| AVAILABLE DATA |
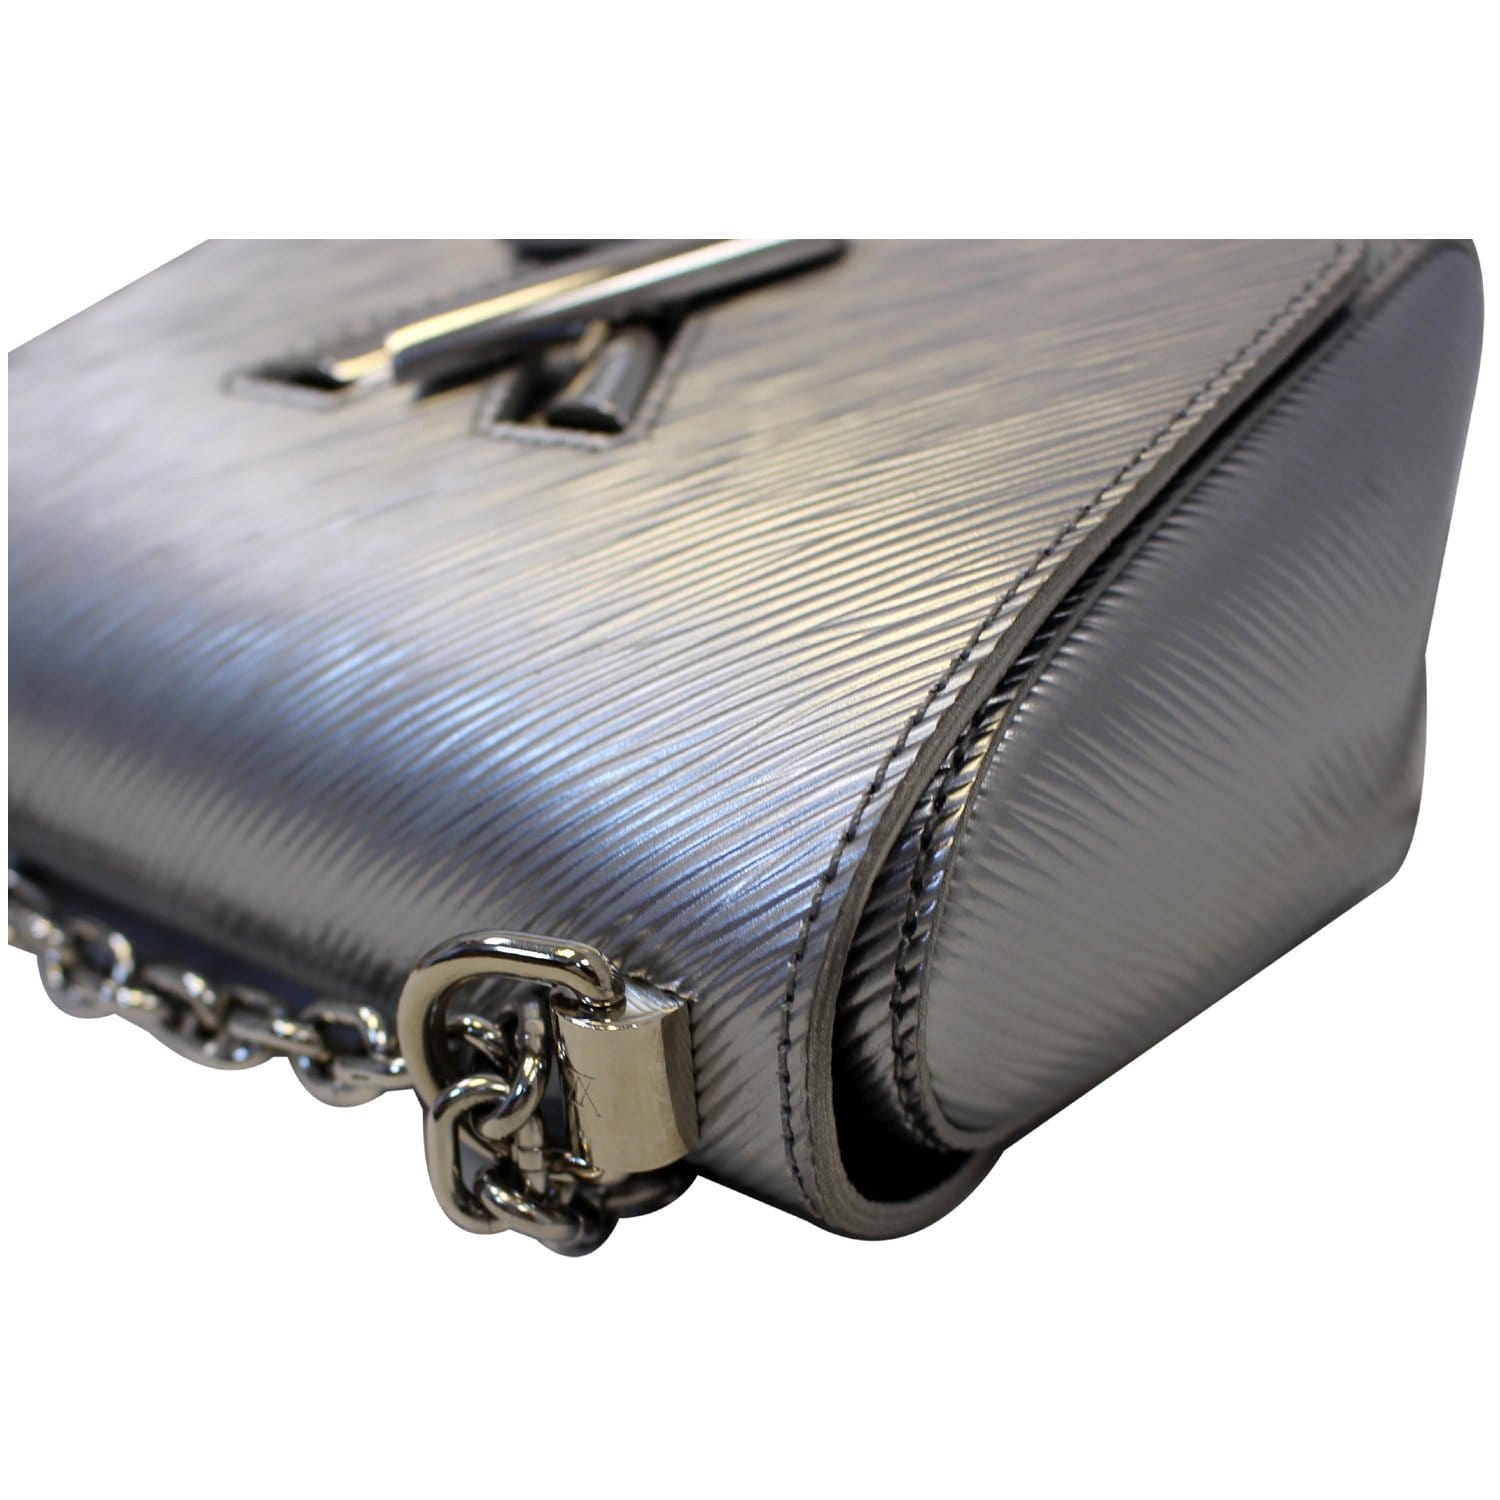 Louis Vuitton Silver Lizard Twist PM Handbag Limited Edition with
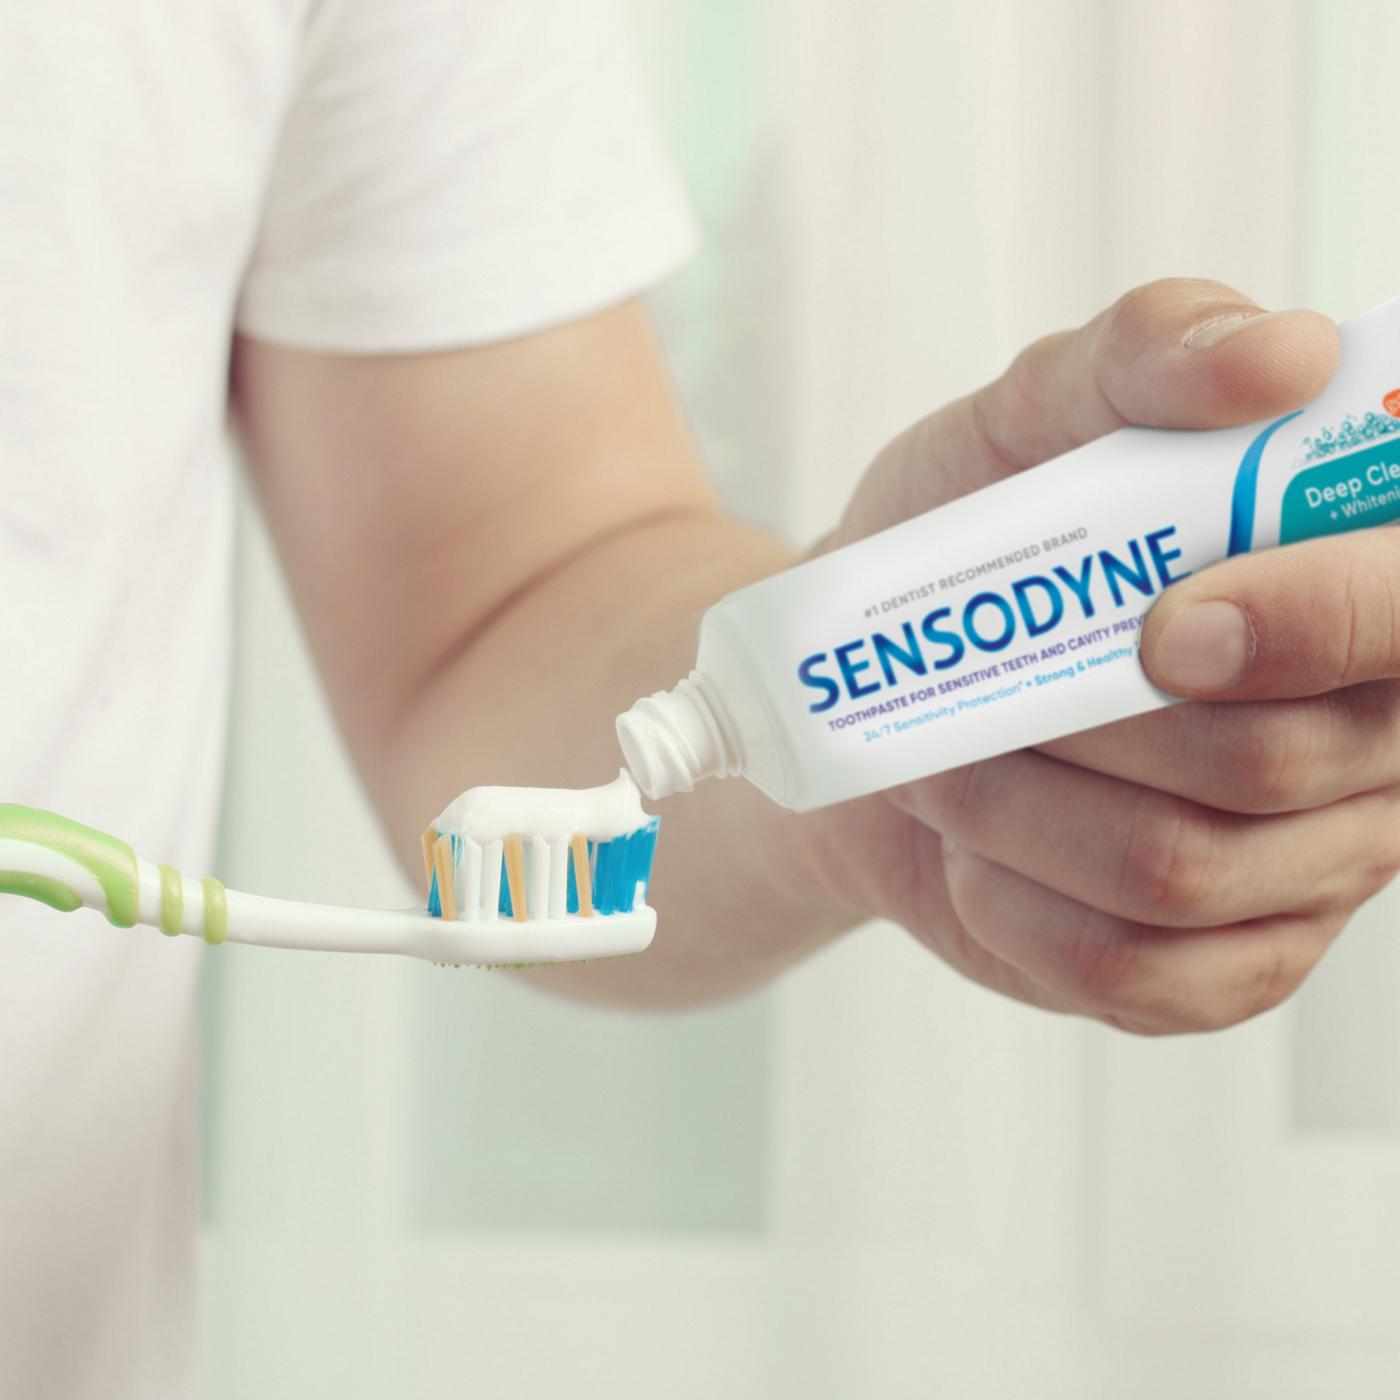 Sensodyne Sensitive Toothpaste - Deep Clean + Whitening; image 2 of 8
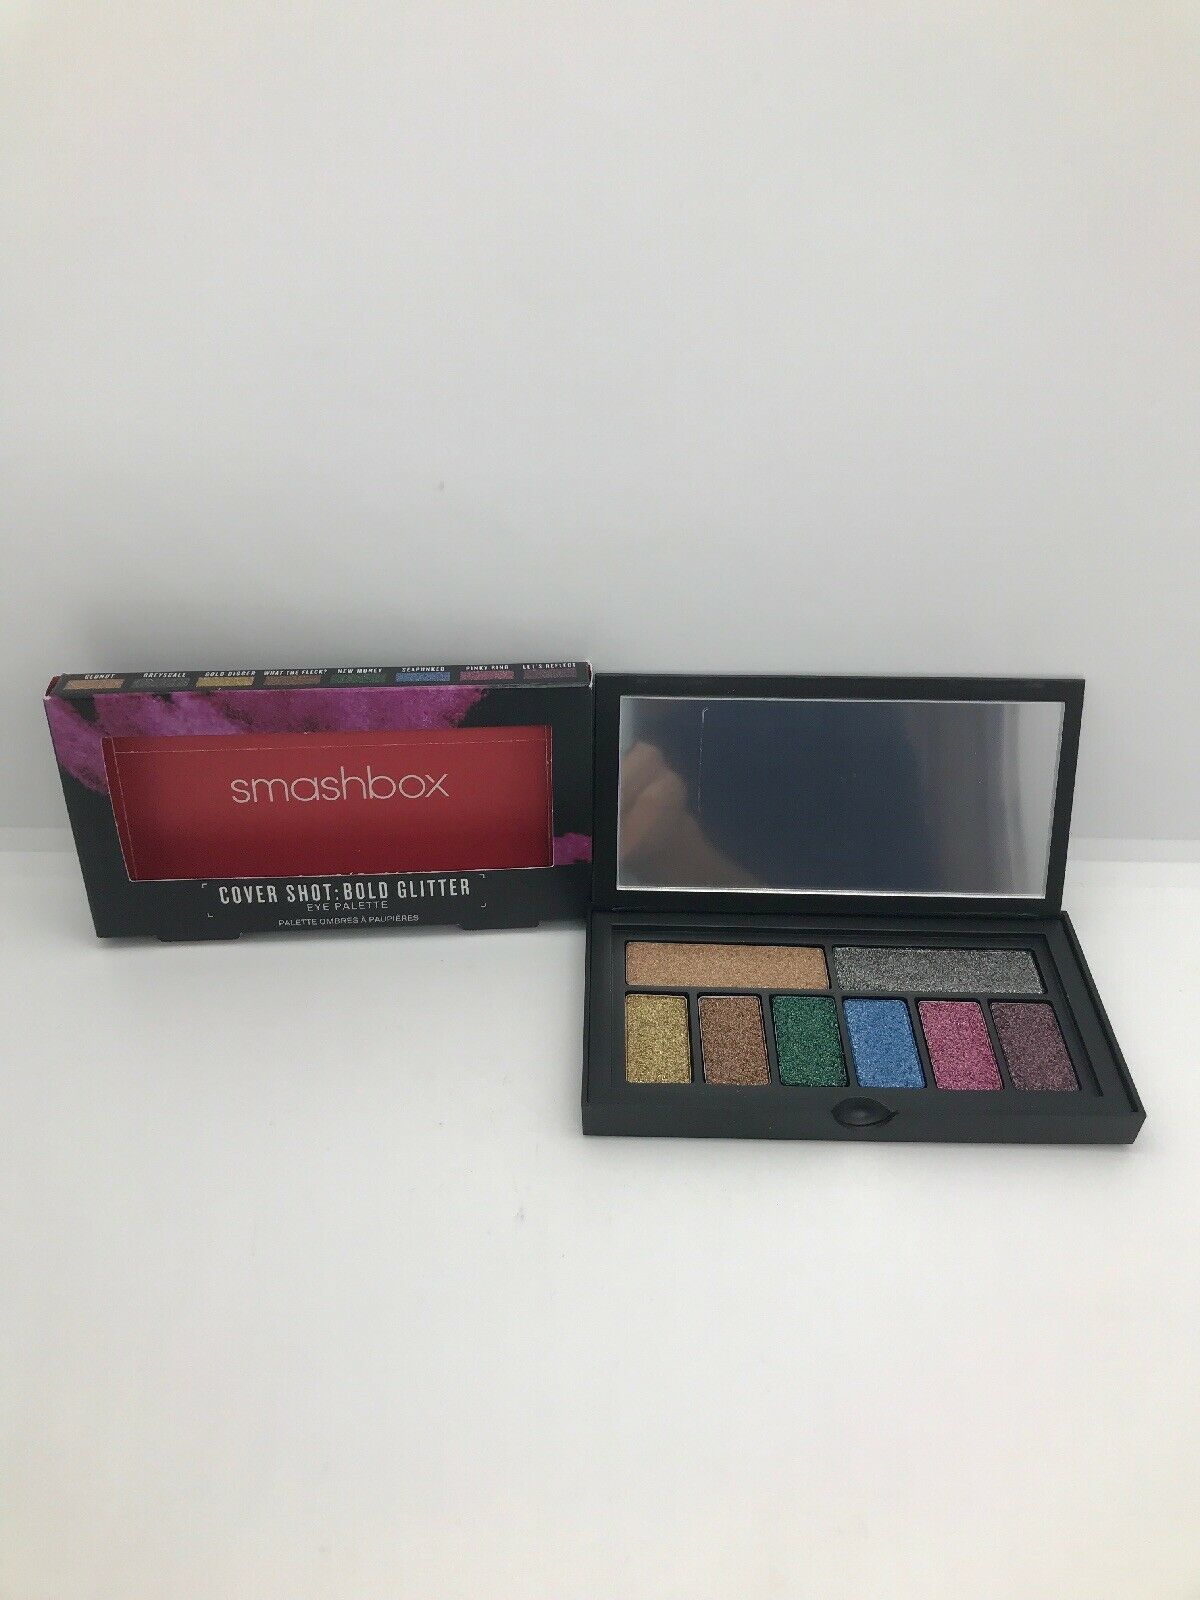 Smashbox Cover Shot Eye Eyeshadow Palette in Bold Glitter - Full Size New In Box - $19.79

| WORK TASK |
Leaving the pictures out, print every line of the listing exactly.

| WRITTEN SOLUTION |
 Louis Vuitton Silver Lizard Twist PM Handbag Limited Edition with
 Sensodyne Sensitive Toothpaste - Deep Clean + Whitening; image 2 of 8
 Smashbox Cover Shot Eye Eyeshadow Palette in Bold Glitter - Full Size New In Box - $19.79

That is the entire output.